Ein authentischer Roman, der Realität und Fiktion spannend und dramatisch mixt. Die Geschichte geht einem nahe und man ist sehr bei der Hauptfigur. Die Australierin Hannah Kent hat mit der Geschichte der historischen Figur der Agnes einen Bestseller gelandet. Die Rechte am Buch sind mittlerweile in zwanzig Länder verkauft.
Droemer, 383 Seiten; 19,99 Euro
Hörbuch der Woche
Silvia Day
Crossfire – Hingabe
Eva und Gideon haben sich das Ja-Wort gegeben. Sie waren überzeugt, dass nichts sie mehr trennen kann. Doch seit der Hochzeit sind ihre Unsicherheiten und Ängste größer denn je. Eva spürt, dass Gideon ihr entgleitet und dass ihre Liebe in einer Weise auf die Probe gestellt wird, wie sie es niemals für möglich gehalten hätte. Plötzlich stehen die Liebenden vor ihrer schwersten Entscheidung: Wollen sie die Sicherheit ihres früheren Lebens wirklich gegen eine Zukunft eintauschen, die ihnen immer mehr wie ein ferner Traum erscheint?

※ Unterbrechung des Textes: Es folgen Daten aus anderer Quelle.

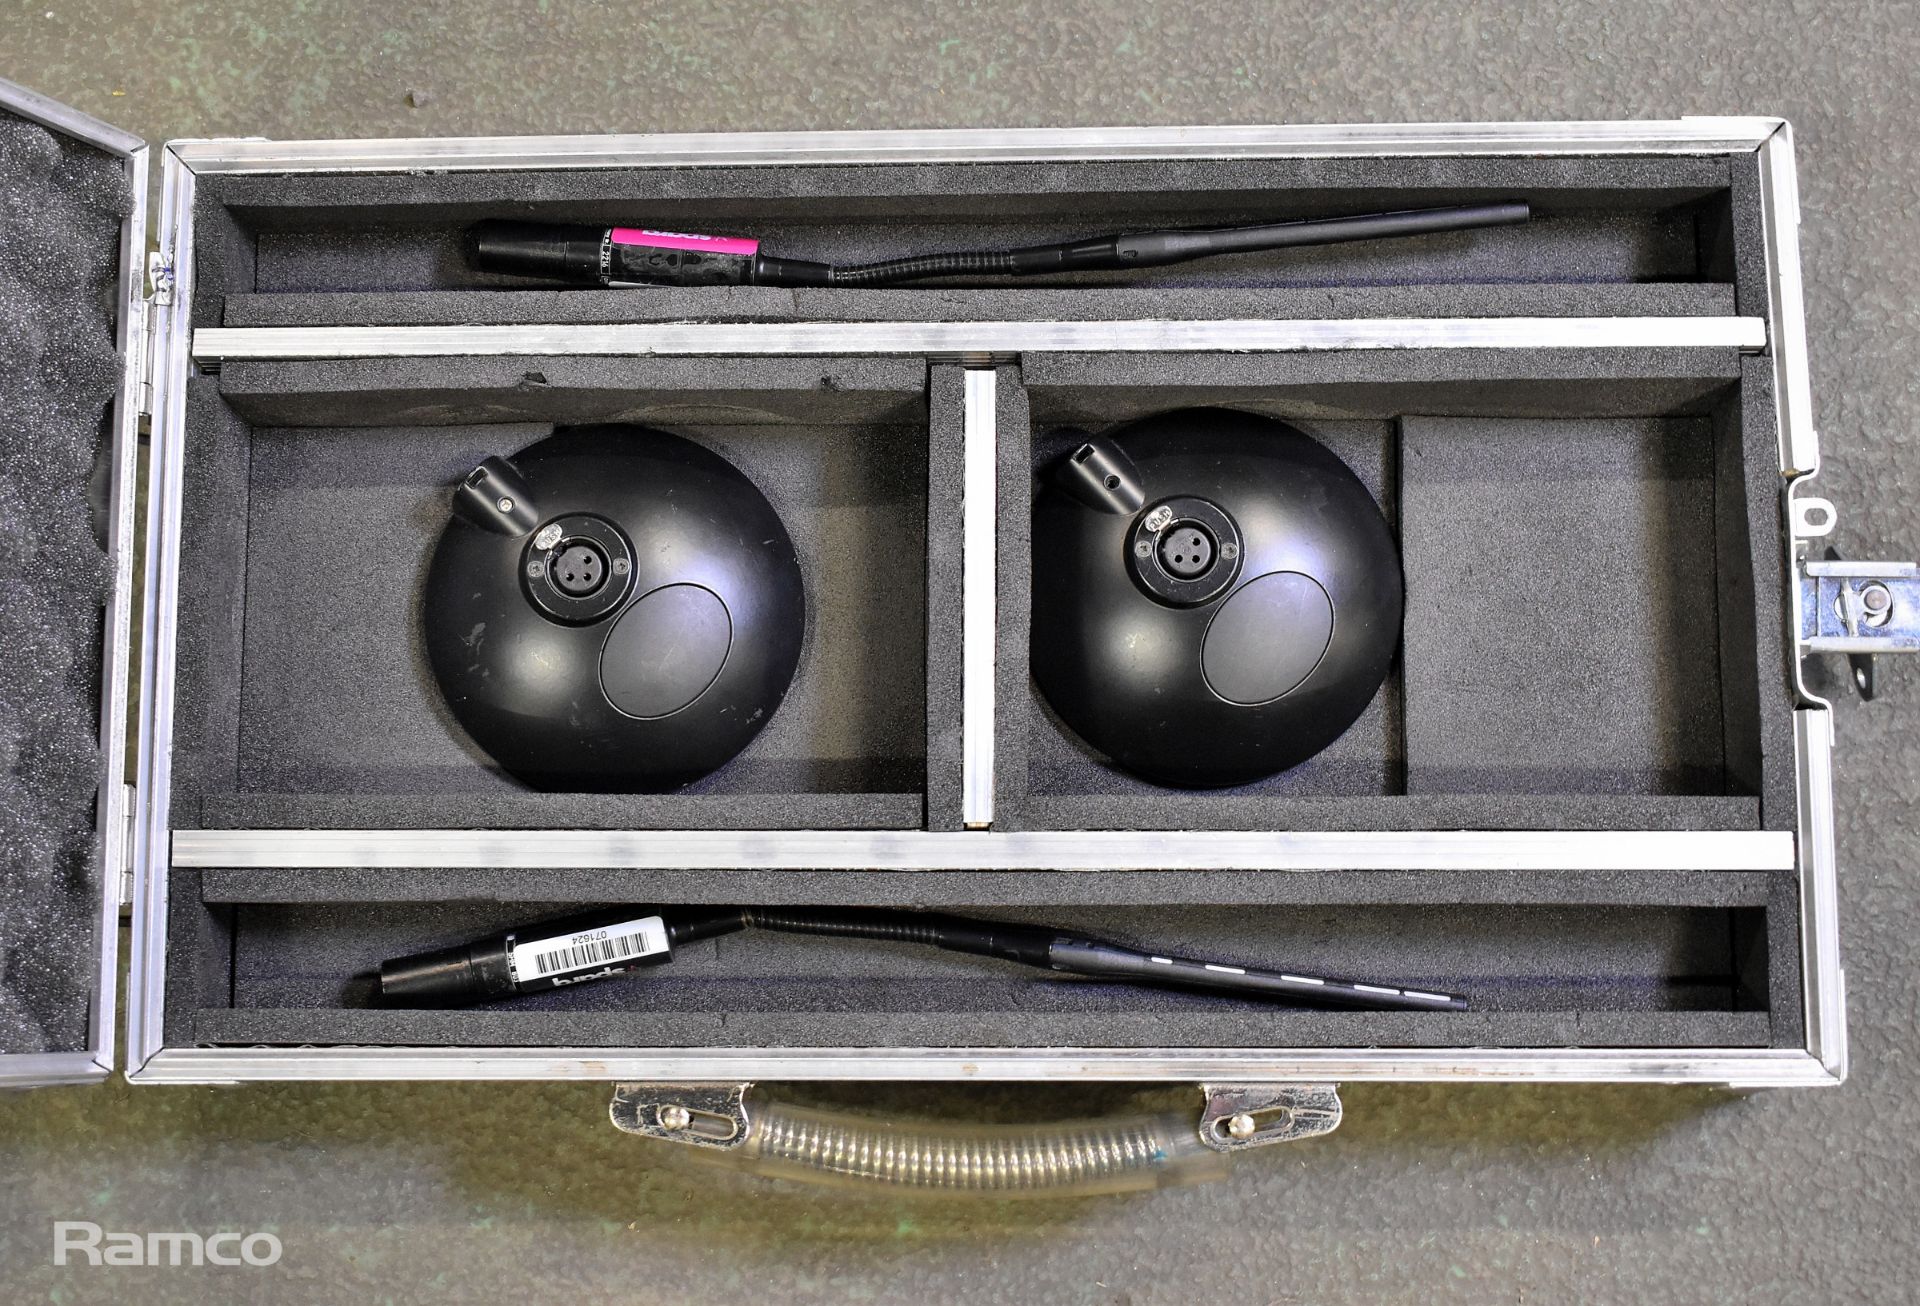 2x Beyerdynamic SHM 803 lectern microphones with base plates in flightcase - 55 x 32 x 15cm - Image 2 of 5
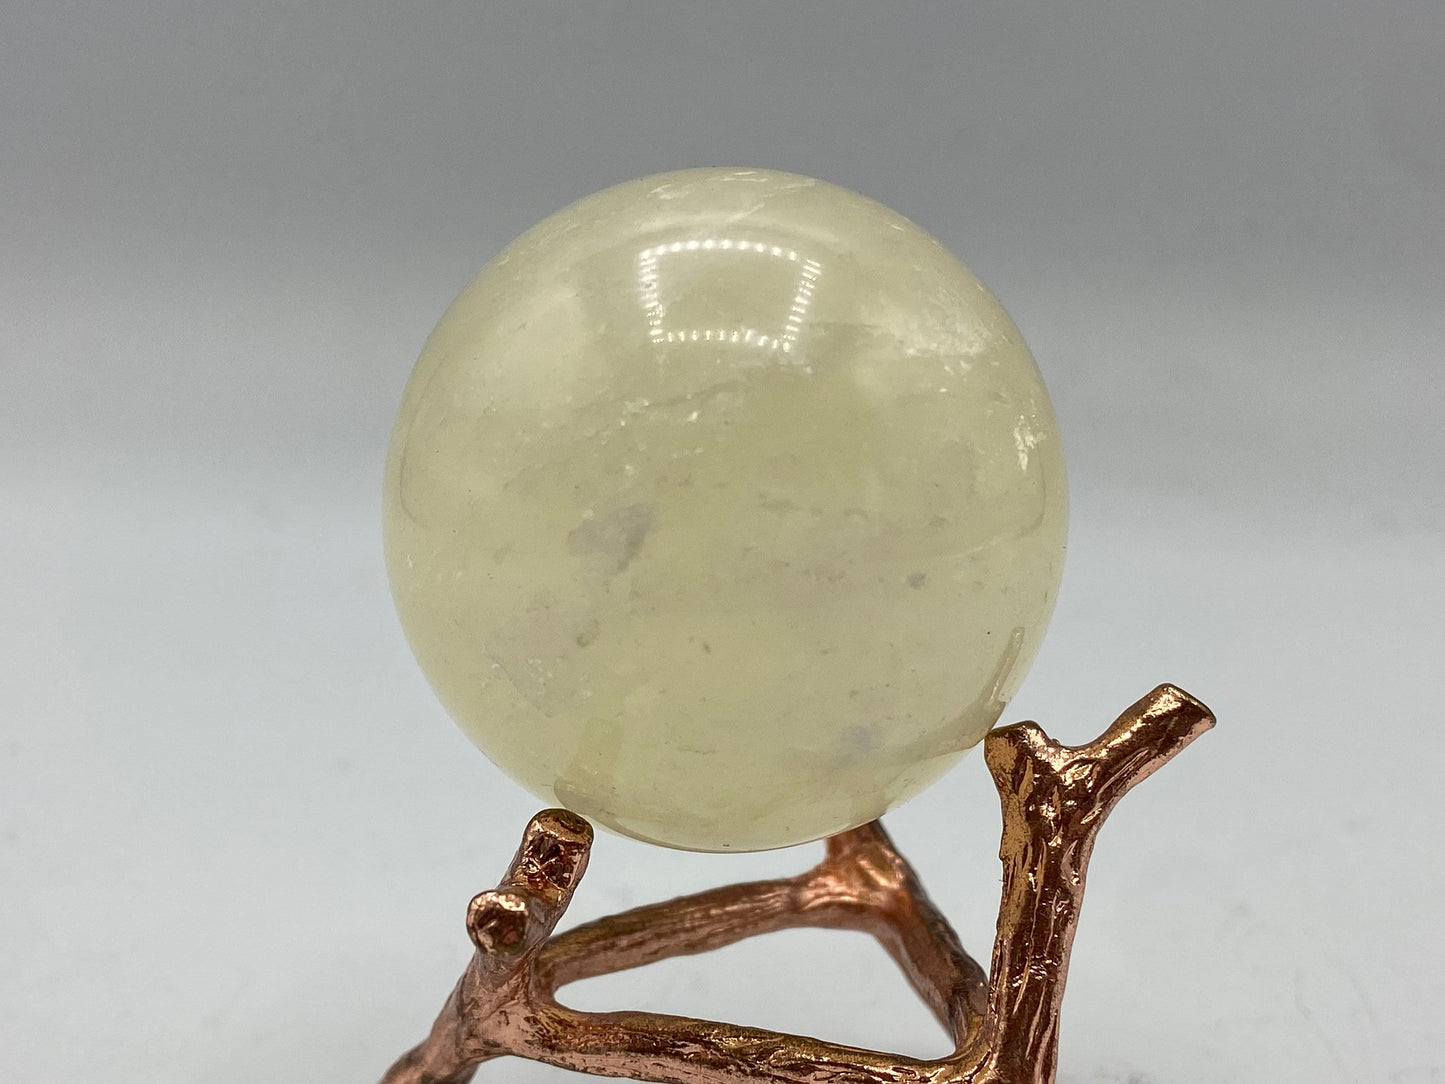 Yellow/lemon/cream calcite spheres with good flash,

Sex und Liebe, Liebe und Sex, und noch viel Geziehe zwischen den Geschlechtern. Nach den drei megaerfolgreichen Bänden der “Crossfire”-Reihe folgt nun der vierte “Hingabe”. Eva und Gideon entwickeln sich in ihrer Beziehung weiter und auch wieder nicht. Es ist ein ewiges hin und her, gewürzt mit ein paar sexuellen Akten. “Crossfire” ist nach “Shades of Grey” die Marke der neuen erotischen Literatur. Gewesen. Denn mit diesem vierten Band hat sich die Autorin keinen großen Gefallen getan. Die ungekürzte Lesung wird von Svantje Wascher und Michael Hansonis dem Titel getreu vorgetragen. Sie fangen mit ihren Stimmen gut die Stimmungen des Romans ein. Aber auch sie können am Ende nicht überzeugen.
Auch als Taschenbuch erhältlich bei Heyne, 9,99 Euro.